Assignment >>
Copy every entry word for word, but skip the pictures.

Supplied information >>
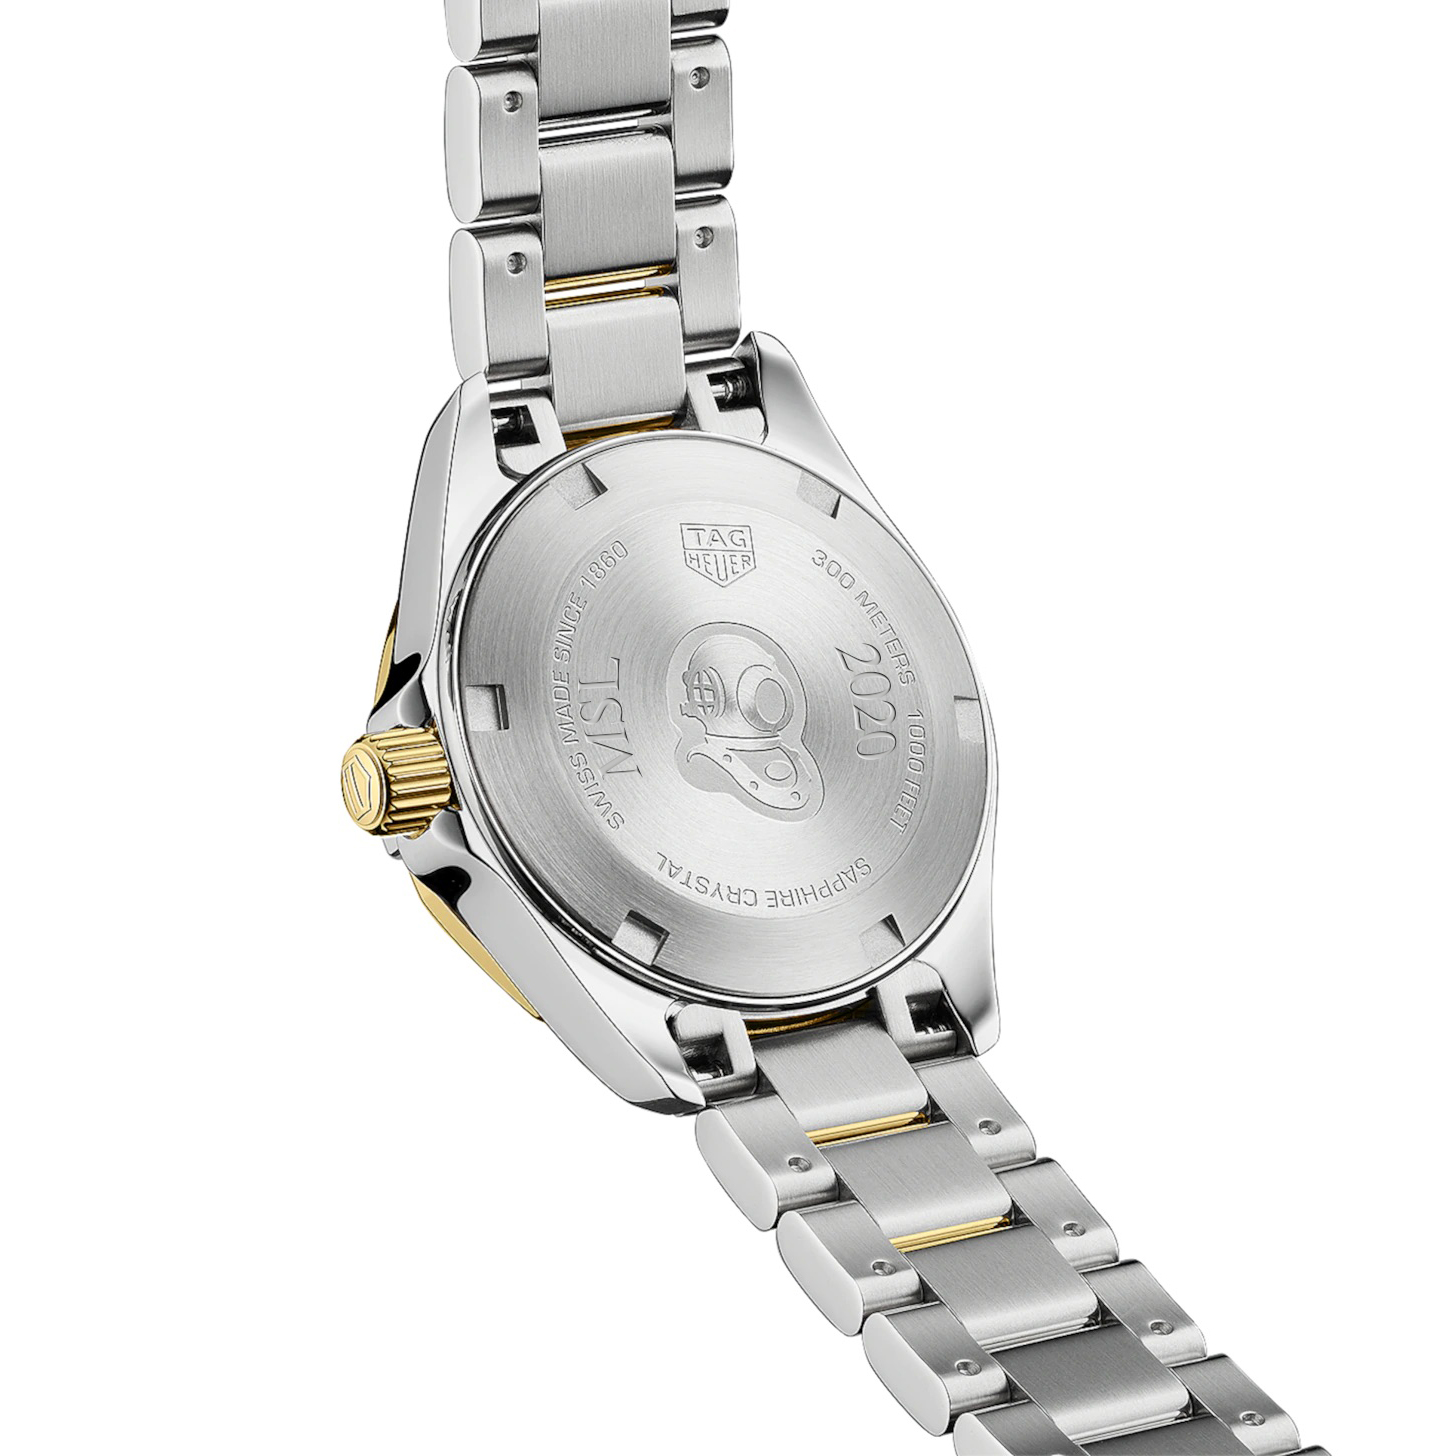 University of Southern California TAG Heuer Two-Tone Aquaracer for Women - Image 3
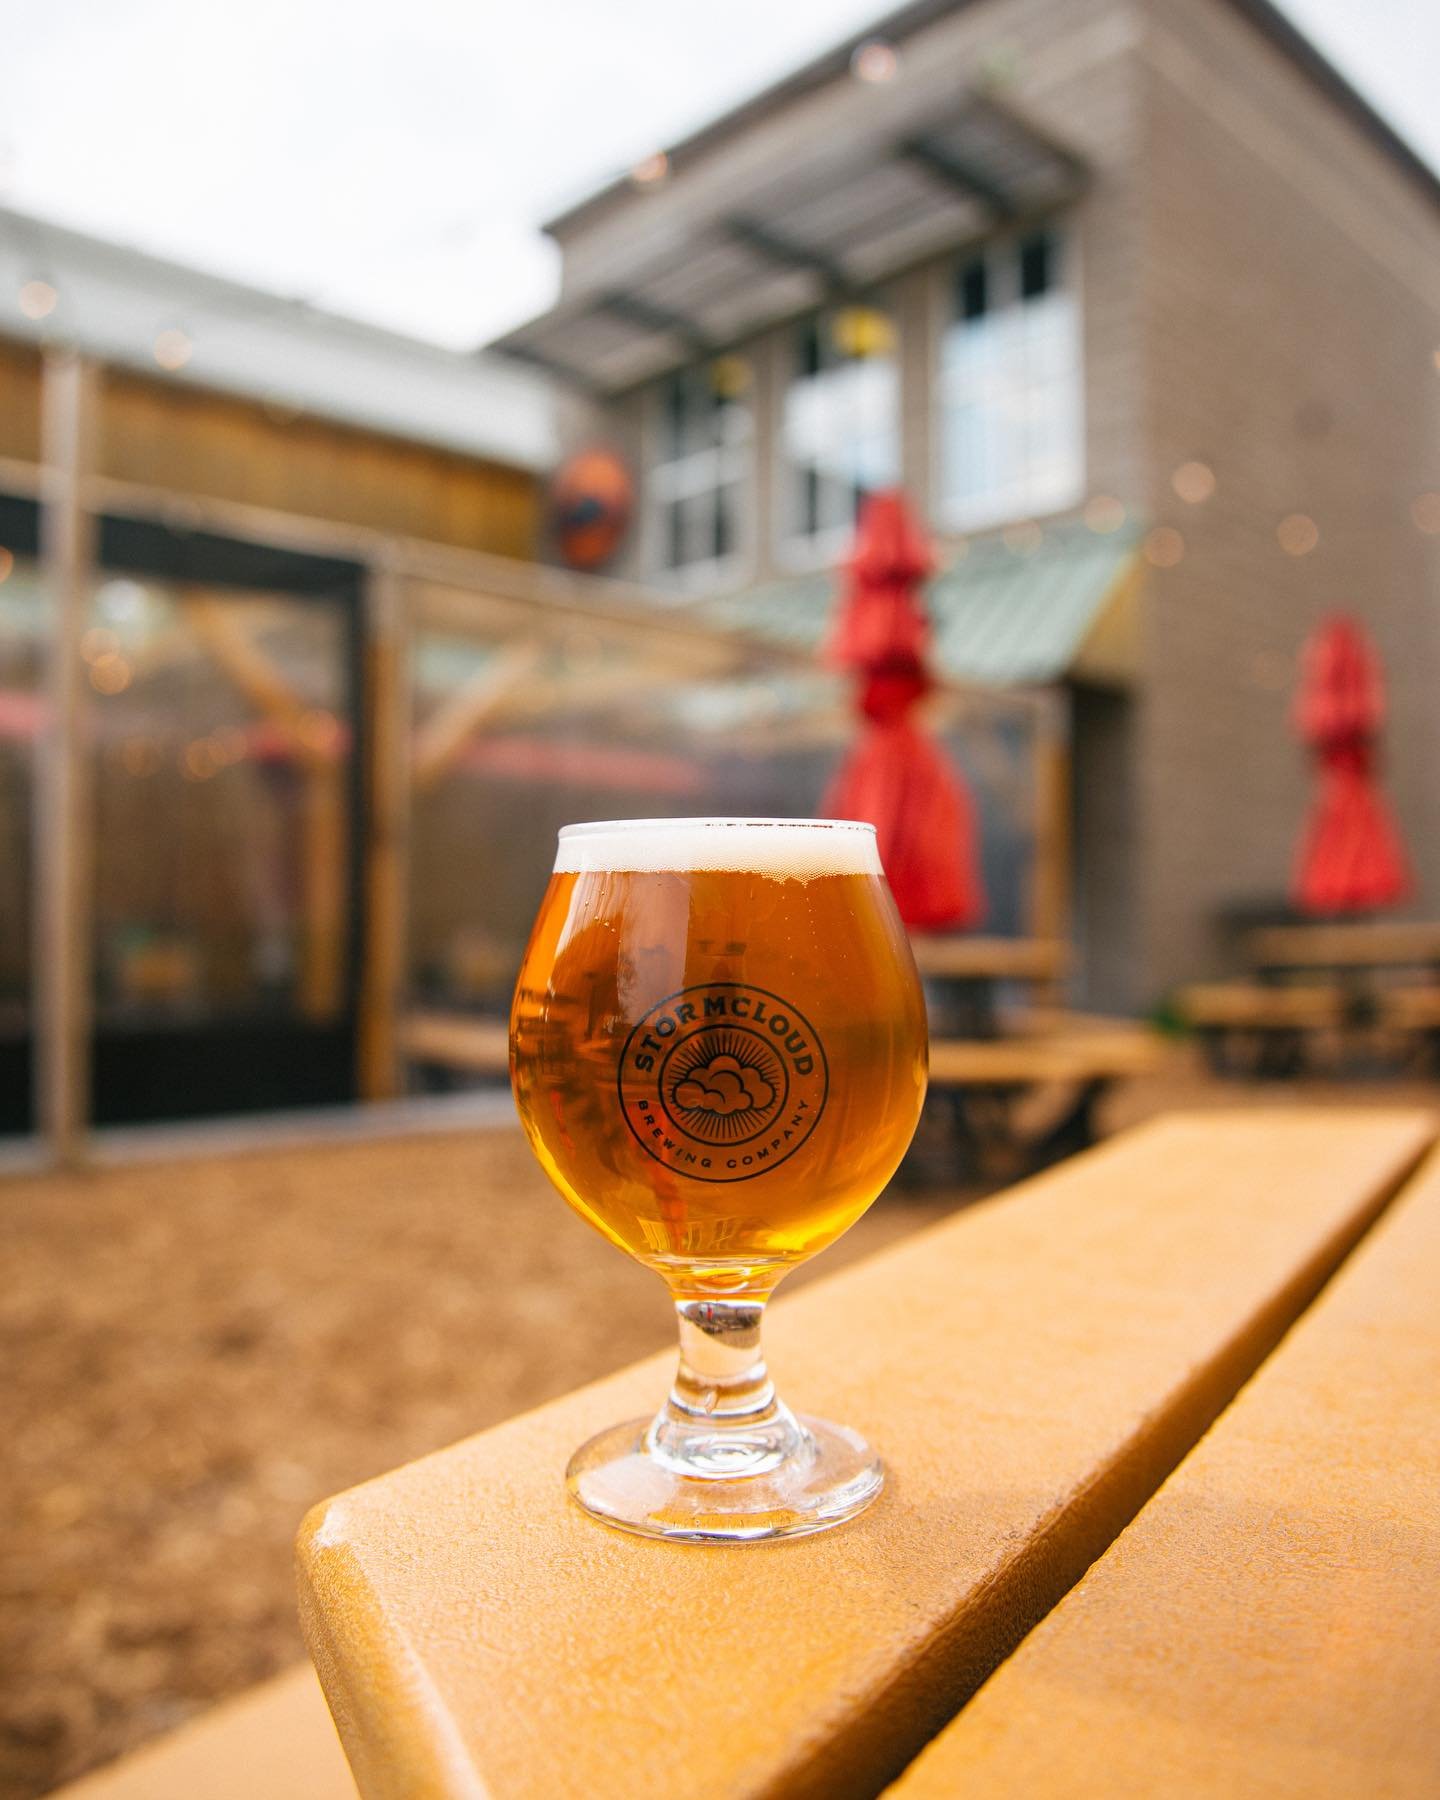 Our fourth featured beer for American Craft Beer Week is the 2023 Harvest Tripel!

At 7.2% ABV, our 2023 Harvest Tripel is a Belgian Tripel featuring fresh harvest COMET hops from Hop Alliance in Omena, MI.

$5 / 12oz TODAY ONLY!

Suggested food pair

Your response >>
 University of Southern California TAG Heuer Two-Tone Aquaracer for Women - Image 3
 Our fourth featured beer for American Craft Beer Week is the 2023 Harvest Tripel!

At 7.2% ABV, our 2023 Harvest Tripel is a Belgian Tripel featuring fresh harvest COMET hops from Hop Alliance in Omena, MI.

$5 / 12oz TODAY ONLY!

Suggested food pair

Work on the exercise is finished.